Technologie im Zeitraffer
Erkenntnisse aus 40 Jahren Backwarenforschung (13)
Von Holger Neumann
Mehr als 40 Jahre Tagungen für Bäckerei-Technologie bedeuten gleichsam auch 40 Jahre intensive Forschungsarbeit in der Versuchsbäckerei der Detmolder Forschungsanstalt. Bäckermeister Holger Neumann hat exklusiv für die ABZ wichtige Ergebnisse und Erkenntnisse zusammengestellt. Dieser Rückblick in die Historie der Backtechnologie ist wie eine Schatztruhe immer noch reich an wichtigen Erkenntnissen.
Bäckerei-Tagung 1989
Thema: Erfahrungen mit Langzeit-Roggensauerteigen (ohne Brotzusatz):
Durch moderne Entwicklungen auf dem Gerätesektor wurde es möglich, Sauerteige mit speziellen Starterkulturen in Verbindung mit Sauerteigbereitern herzustellen und über mehrere Tage zu lagern. Als vorläufiges Fazit dieser Untersuchungen konnte festgehalten werden, dass sich der Säuregrad bei länger gelagerten Sauerteigen erhöht, der pH-Wert aber relativ konstant bleibt.
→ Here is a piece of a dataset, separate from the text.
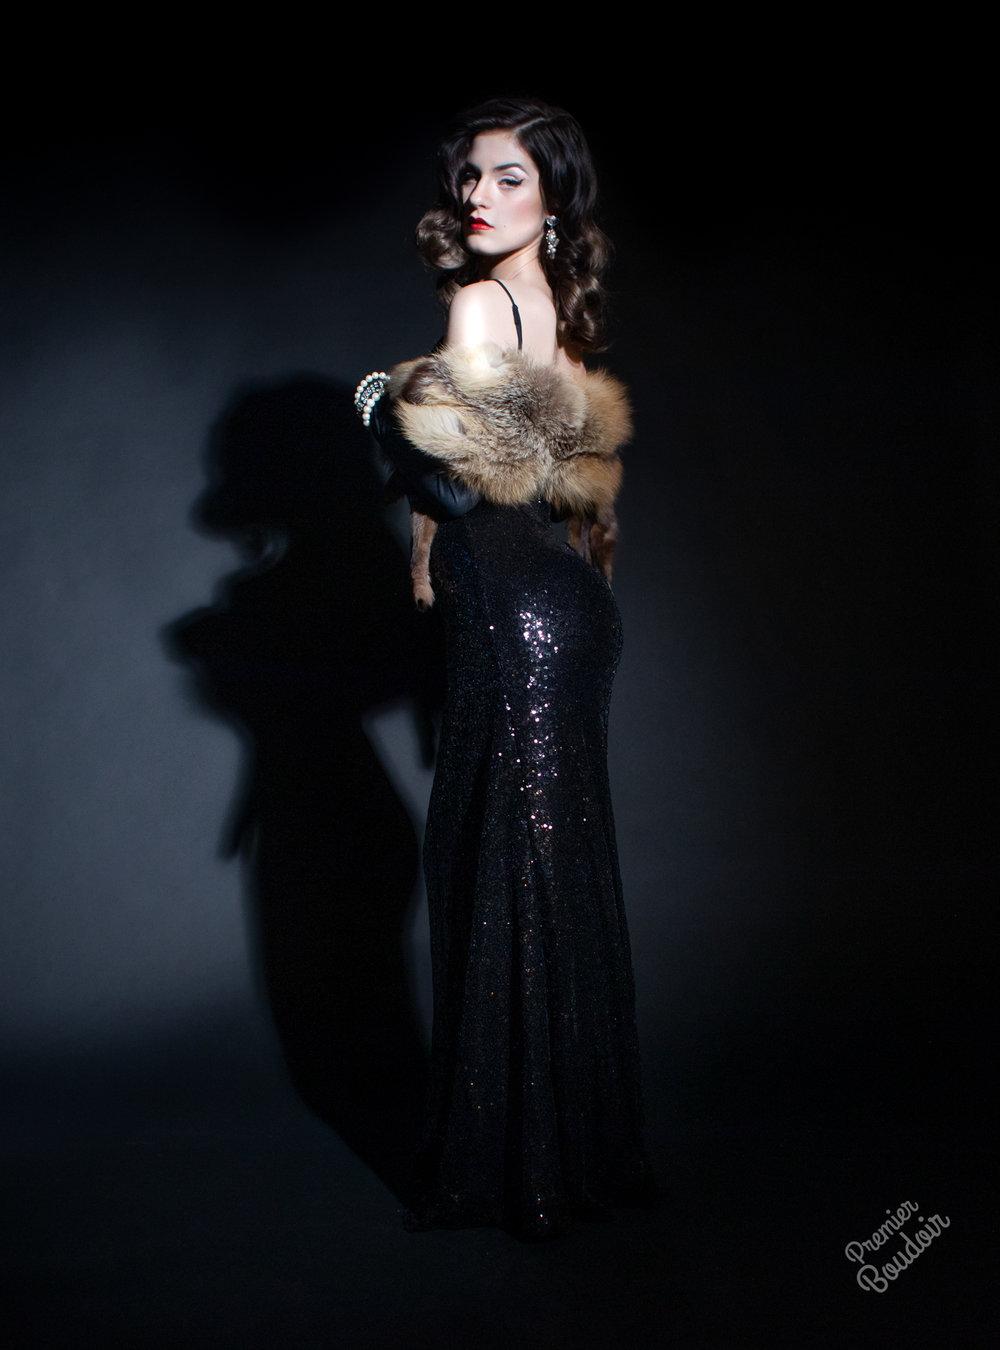 hollywood glamour boudoir photographer.jpg

Um Schwankungen in der Brotqualität auszuschließen, wird den Verwendern von Langzeitsauerteigen geraten, die Sauerteiganteile den jeweiligen Säuregraden anzupassen oder den Sauerteig nach der Entwicklungsphase zu kühlen. Es wird ein zweimaliger Ansatz pro Woche empfohlen, wobei eine tägliche Sauerteigbereitung die besten Ergebnisse ergibt.
Bäckerei-Tagung 1990
Thema: Einfluss des Roggenmehlanteils auf die Kleingebäckqualität:
Die über Jahre anhaltende Diskussion darüber, wie viel Roggen muss in Roggenbrötchen enthalten sein, war der eigentliche Grund für diese Arbeit. Hierbei wurden sowohl technologische als auch Verbraucherwünsche berücksichtigt. Es wurde eine Rezepturempfehlung entwickelt, nach der die hergestellten Roggenbrötchen in Krusten-, Krumen- und Geschmackseigenschaften den Erwartungen der Verbraucher entsprechen. Das Rezept basiert auf 50 Prozent Roggenmehl und 50 Prozent Weizenmehl. Die mit diesen Roggen- und Weizenanteilen verbundenen backtechnischen Veränderungen sind zwar erheblich, stellen aber den Herstellerbetrieb nicht vor unlösbare Aufgaben. Roggenbrötchen mit mindestens 50 Prozent Roggenanteil können sowohl Herstellern als auch Verbrauchern gerecht werden.